Introduction
Pre-eclampsia affects around 2-3% of all pregnancies,(1) and is associated with potential serious complications for the woman and baby, including multiple maternal organ dysfunction (severe hypertension, renal and liver impairment, abnormal clotting and stroke/ seizures) and fetal morbidity and mortality. Once diagnosed, progression of the syndrome can be unpredictable, and decisions around timing of delivery needs to take into account evolving maternal complications and perinatal morbidity. We have recently completed the multicentre PHOENIX trial, in which we demonstrated that in women with late preterm pre-eclampsia, planned delivery reduces maternal morbidity, whilst increasing neonatal unit admissions (principally for prematurity as the indication), though with no difference in neonatal morbidity (including respiratory distress), compared with expectant management.(2) Of women in this gestational age window (34 to 37 weeks of pregnancy) managed expectantly, over half required delivery for clinical indications before they reached 37 weeks’ gestation, and pregnancy was prolonged (compared to planned delivery) by three days only.
Current parameters advised by national guidelines for indicating need for delivery in pre-eclampsia are relatively blunt: e.g. uncontrolled severe maternal hypertension, abnormal maternal haematological/ biochemical indices or fetal compromise on ultrasound or cardiotocography.(3) Novel prognostic models and blood biomarkers for determination of need for delivery in pregnancies with pre-eclampsia are now emerging,(4, 5) but their applicability to contemporaneous populations of women with confirmed late preterm pre-eclampsia needs further evaluation and validation.

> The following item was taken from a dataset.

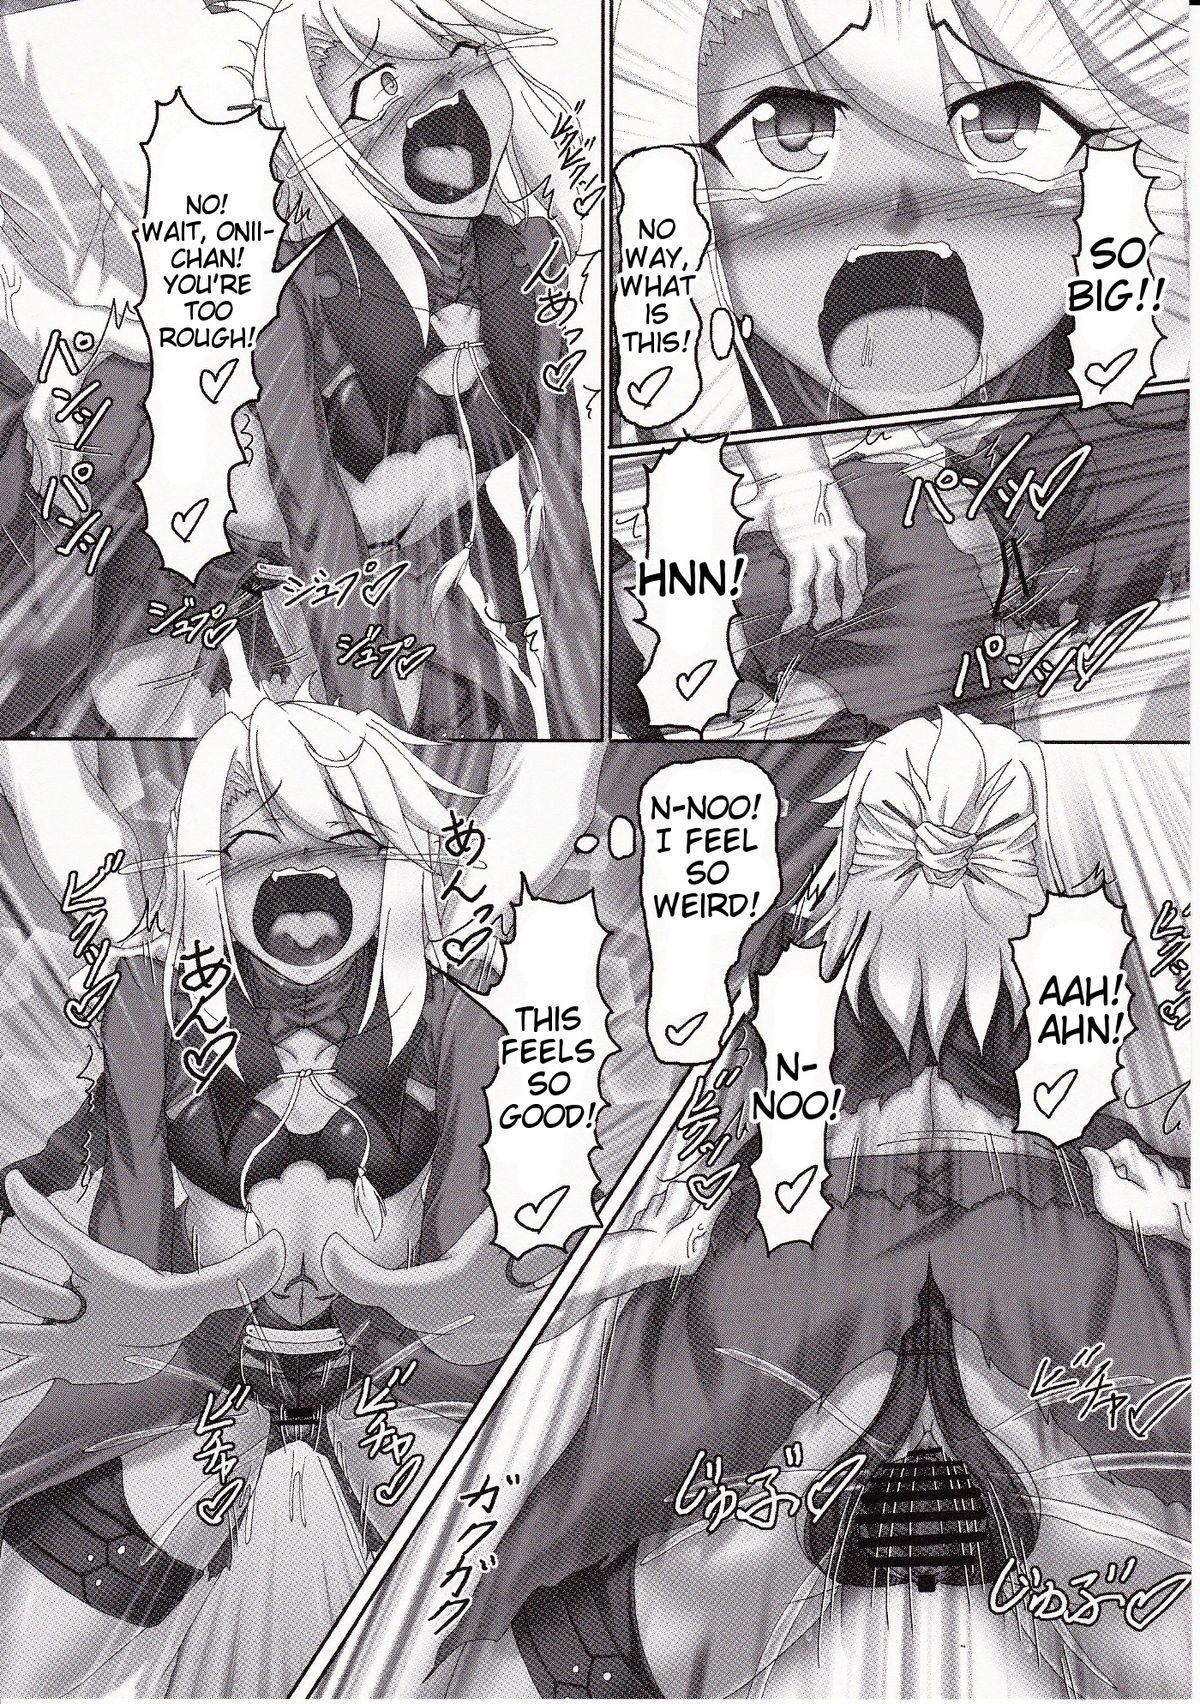 Trannies Magical Ruby chan no Seigi wo Daite Dekishi shiro!! | Drowning in Magical Ruby-chan's Sexual Powers!! - Fate kaleid liner prisma illya Mexico - Page 9

Existing clinical models, such as those from the Prediction of complications in early-onset pre-eclampsia (PREP) study accurately predict the risk of complications in women with early onset pre-eclampsia before 34 weeks’ gestation (PREP-S) and have now been included in UK national guidelines.(3) If accurate, these models and blood markers in women with late preterm pre-eclampsia could potentially enhance the ability of clinicians and women to determine who is at greatest risk of need for delivery, enabling timely surveillance and decisions around use of antenatal corticosteroids or place of care.

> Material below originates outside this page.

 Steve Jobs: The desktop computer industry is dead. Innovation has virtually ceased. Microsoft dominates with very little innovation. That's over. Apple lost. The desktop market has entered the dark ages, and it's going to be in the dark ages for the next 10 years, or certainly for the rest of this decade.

The aim of the study was to establish a prognostic model to inform optimal timing of delivery in women with late preterm pre-eclampsia (34+0 to 36+6 weeks’ gestation), comparing novel candidate biomarkers including plasma placental growth factor (PlGF), and soluble fms-like tyrosine kinase-1 (sFlt-1):PlGF ratio with clinical and routinely collected blood/ urinary parameters to determine clinically indicated need for delivery for pre-eclampsia (or its related complications) within seven days of assessment.